Keeping a clean environment for your livestock will help throughout gestation, birth, and life. Depending on the species you raise, there are many infections—including abortive infections—that will affect the health of your livestock and their ability to carry a baby to full term and deliver successfully. Before and after birth, general sanitation around your housing and pasture will help reduce chances for infections. Water should be clean. Bedding should be kept clean and dry. Make certain that your housing options have clean air circulating. Also, keep watch for new little ones who collect meals from several mothers. With sheep, they’ll usually have a dirty face, which is a tell-tale sign that they’ve been sneaking in from behind in the hopes of going unnoticed. Their mother may have abandoned them, may not be able to produce the needed nutrition, or may be suffering from an infection causing them to be protective of tender teats. As that little one sneaks a suckle from various sources, it can spread infection and create a much larger and more serious problem for you to manage. If you see these behaviors, you may want to offer supplemental nutrition in the form of bottle or bucket feedings and take the time to inspect the mother (and possibly the whole group) for signs of infection, deficiencies, or disease.
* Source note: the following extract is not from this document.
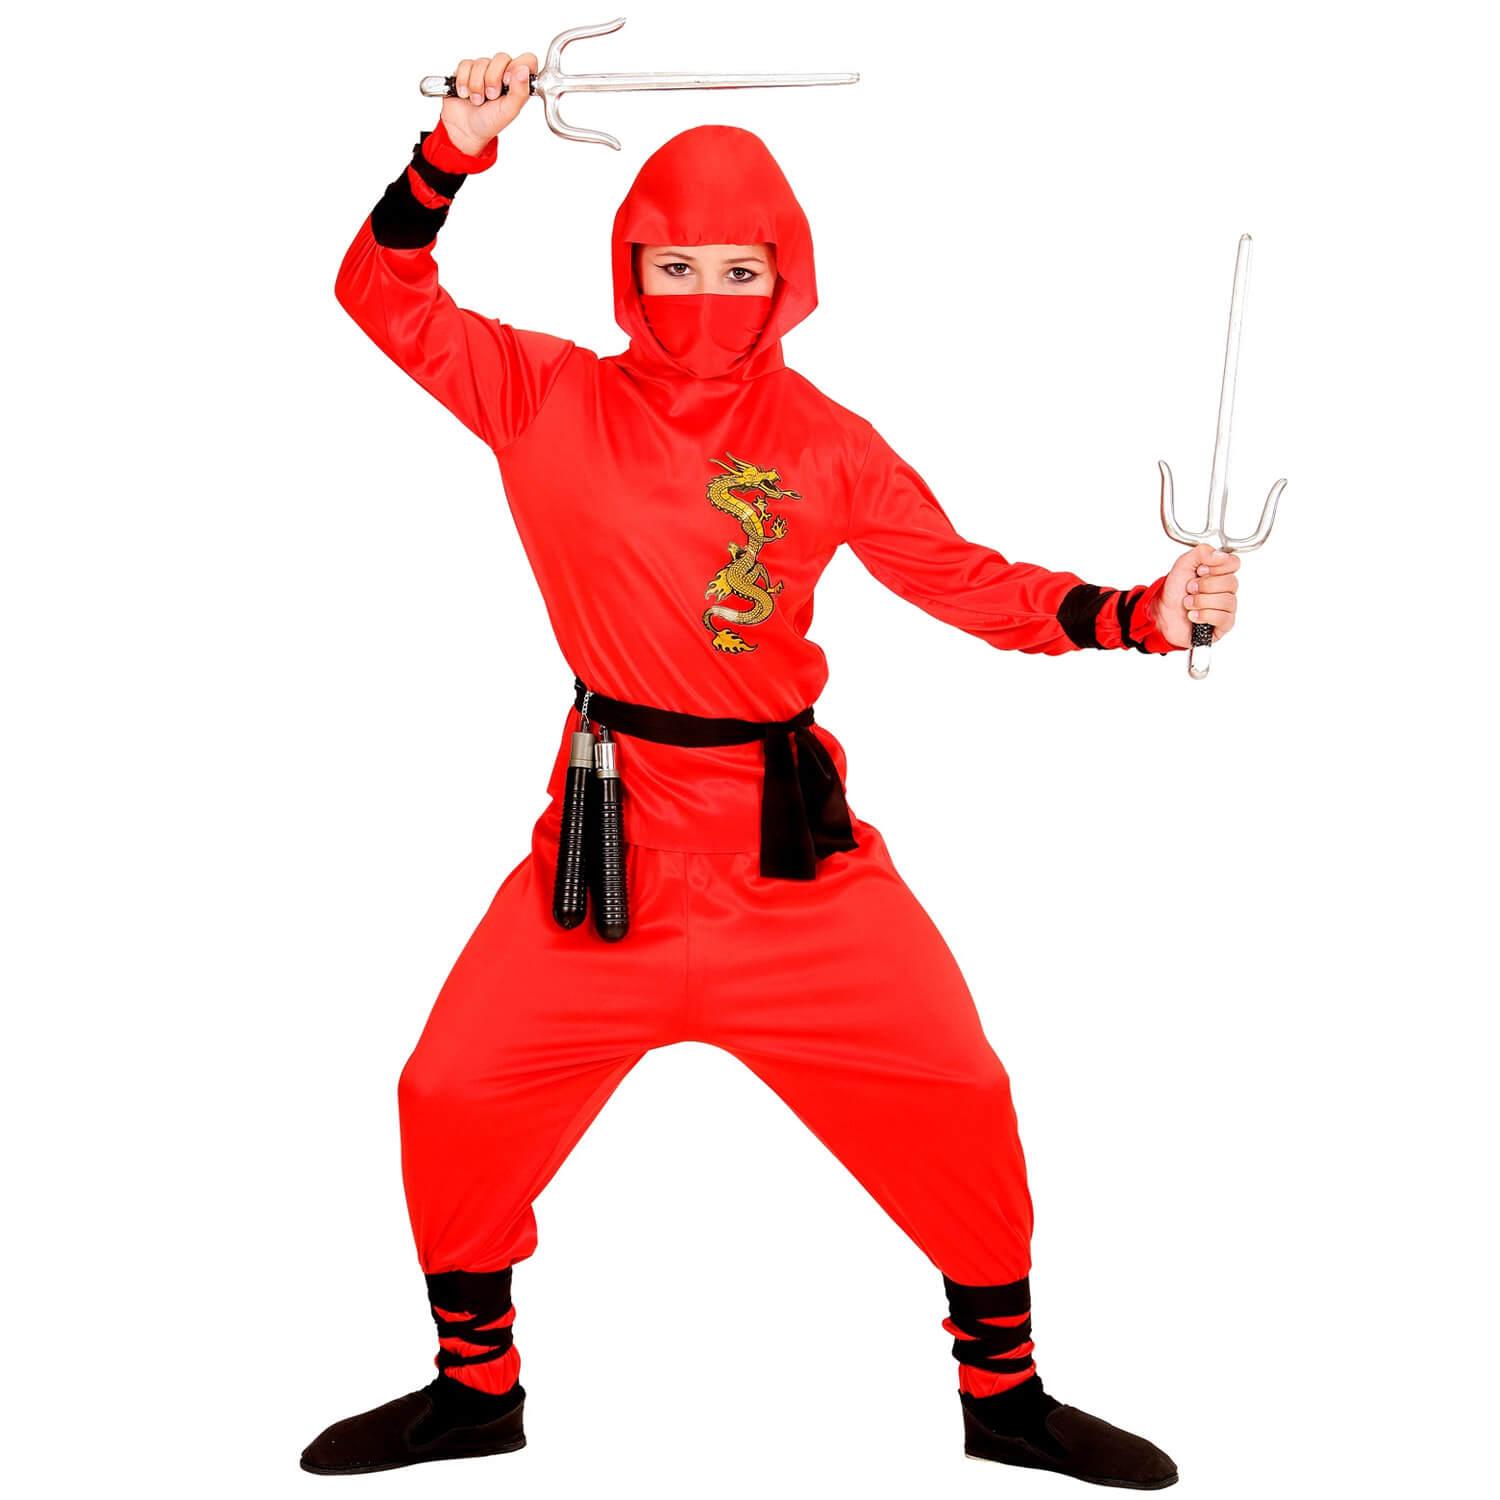 Déguisement ninja dragon rouge garçon

Whether you are calving, lambing, farrowing, kidding, foaling or otherwise, thinking ahead can help save you a lot of heartache down the road. Testing your forage, balancing a ration to meet your animals’ needs, and making sure the environment is set up for your livestock’s success will ensure a healthy pregnancy, encourage an easy birth, and promote a good start for your new young stock.

Lauren Langworthy is an organic specialist at MOSES.